September Housing Starts: Near Record Number of Multi-Family Housing Units Under Construction

by Calculated Risk on 10/18/2023 09:14:00 AM

Today, in the CalculatedRisk Real Estate Newsletter: September Housing Starts: Near Record Number of Multi-Family Housing Units Under Construction

Excerpt:

The third graph shows the month-to-month comparison for total starts between 2022 (blue) and 2023 (red).

Housing Units Under ConstructionTotal starts were down 7.2% in September compared to September 2022.  And starts year-to-date are down 12.1% compared to last year.
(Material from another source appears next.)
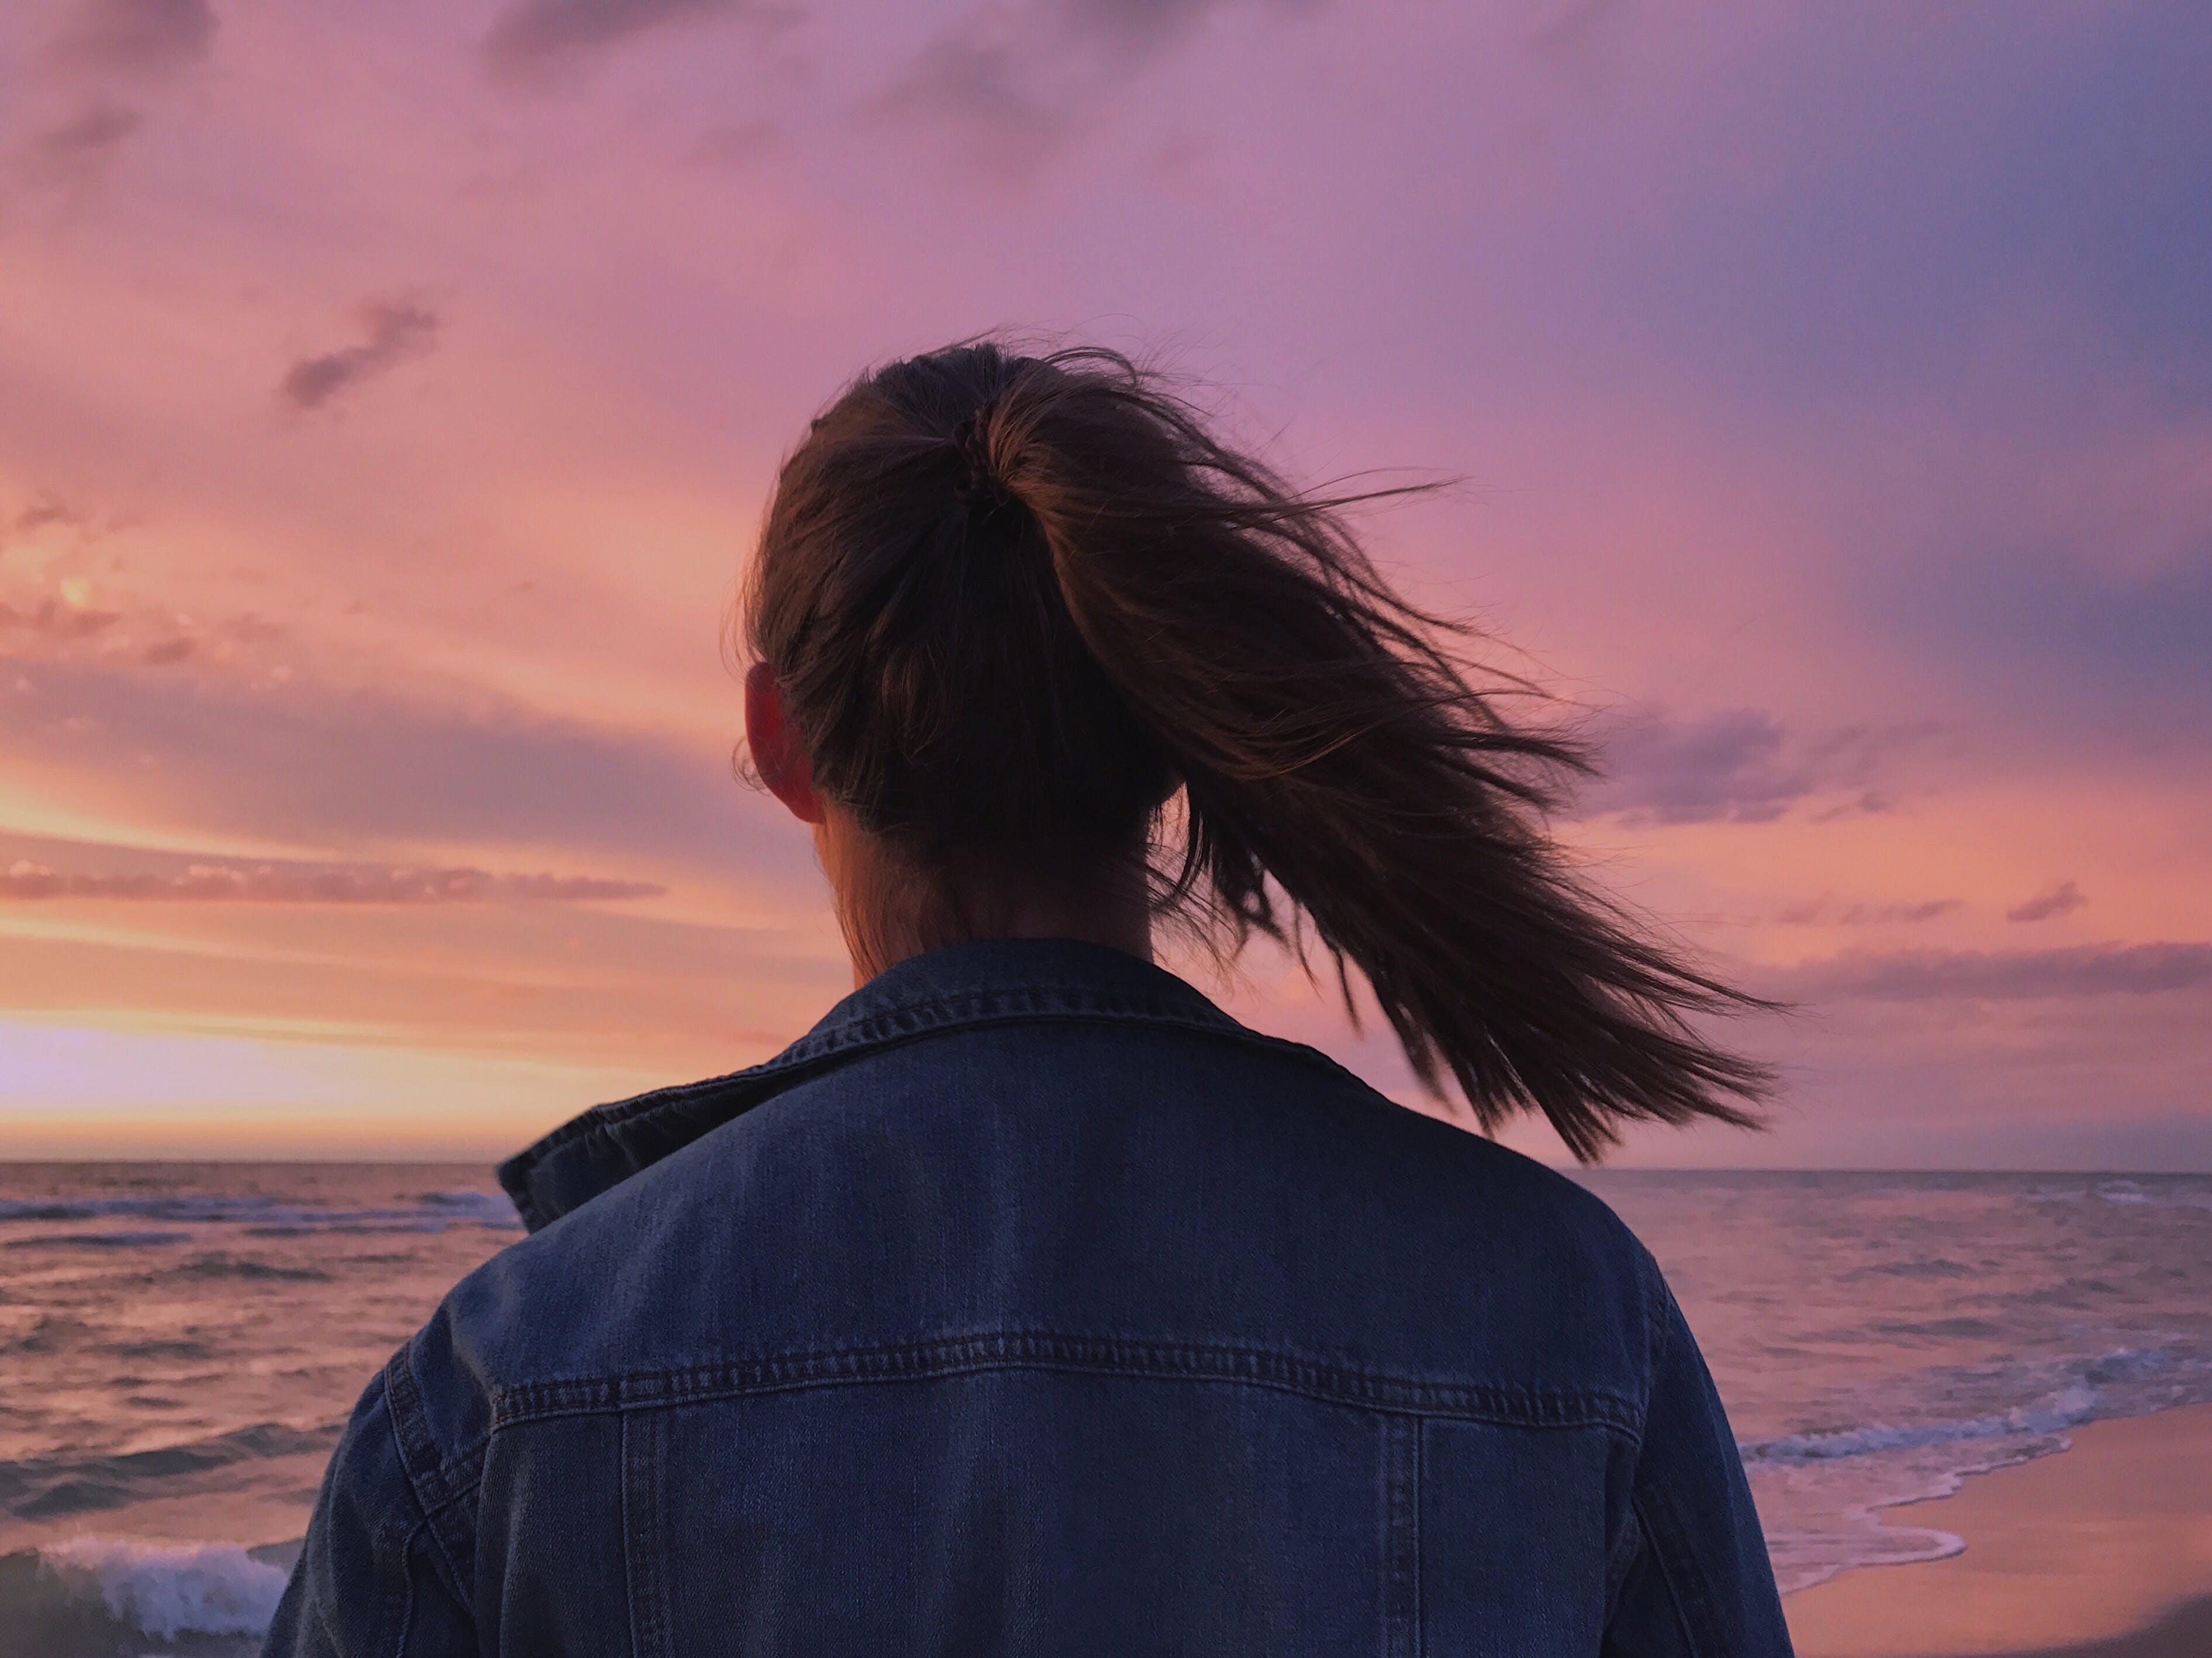 Woman Wearing Blue Denim Jacket Looking At The Beach

Starts have been down year-over-year for 15 of the last 17 months (May and July 2023 were the exceptions), and total starts will be down this year - although the year-over-year comparisons will be somewhat easier in Q4.
There is much more in the post.  You can subscribe at https://calculatedrisk.substack.com/

Housing Starts Increased to 1.358 million Annual Rate in September

by Calculated Risk on 10/18/2023 08:30:00 AM

From the Census Bureau: Permits, Starts and Completions

Housing Starts:
Privately‐owned housing starts in September were at a seasonally adjusted annual rate of 1,358,000. This is 7.0 percent above the revised August estimate of 1,269,000, but is 7.2 percent below the September 2022 rate of 1,463,000. Single‐family housing starts in September were at a rate of 963,000; this is 3.2 percent above the revised August figure of 933,000. The September rate for units in buildings with five units or more was 383,000.

Building Permits:
Privately‐owned housing units authorized by building permits in September were at a seasonally adjusted annual rate of 1,473,000. This is 4.4 percent below the revised August rate of 1,541,000 and is 7.2 percent below the September 2022 rate of 1,588,000. Single‐family authorizations in September were at a rate of 965,000; this is 1.8 percent above the revised August figure of 948,000. Authorizations of units in buildings with five units or more were at a rate of 459,000 in September.
emphasis added
Multi Housing Starts and Single Family Housing StartsClick on graph for larger image.

The first graph shows single and multi-family housing starts since 2000.

Multi-family starts (blue, 2+ units) increased in September compared to August.   Multi-family starts were down 31.4% year-over-year in September.

Single-family starts (red) increased in September and were up 8.6% year-over-year.

Multi Housing Starts and Single Family Housing StartsThe second graph shows single and multi-family housing starts since 1968.

This shows the huge collapse following the housing bubble, and then the eventual recovery - and the recent collapse in single-family starts.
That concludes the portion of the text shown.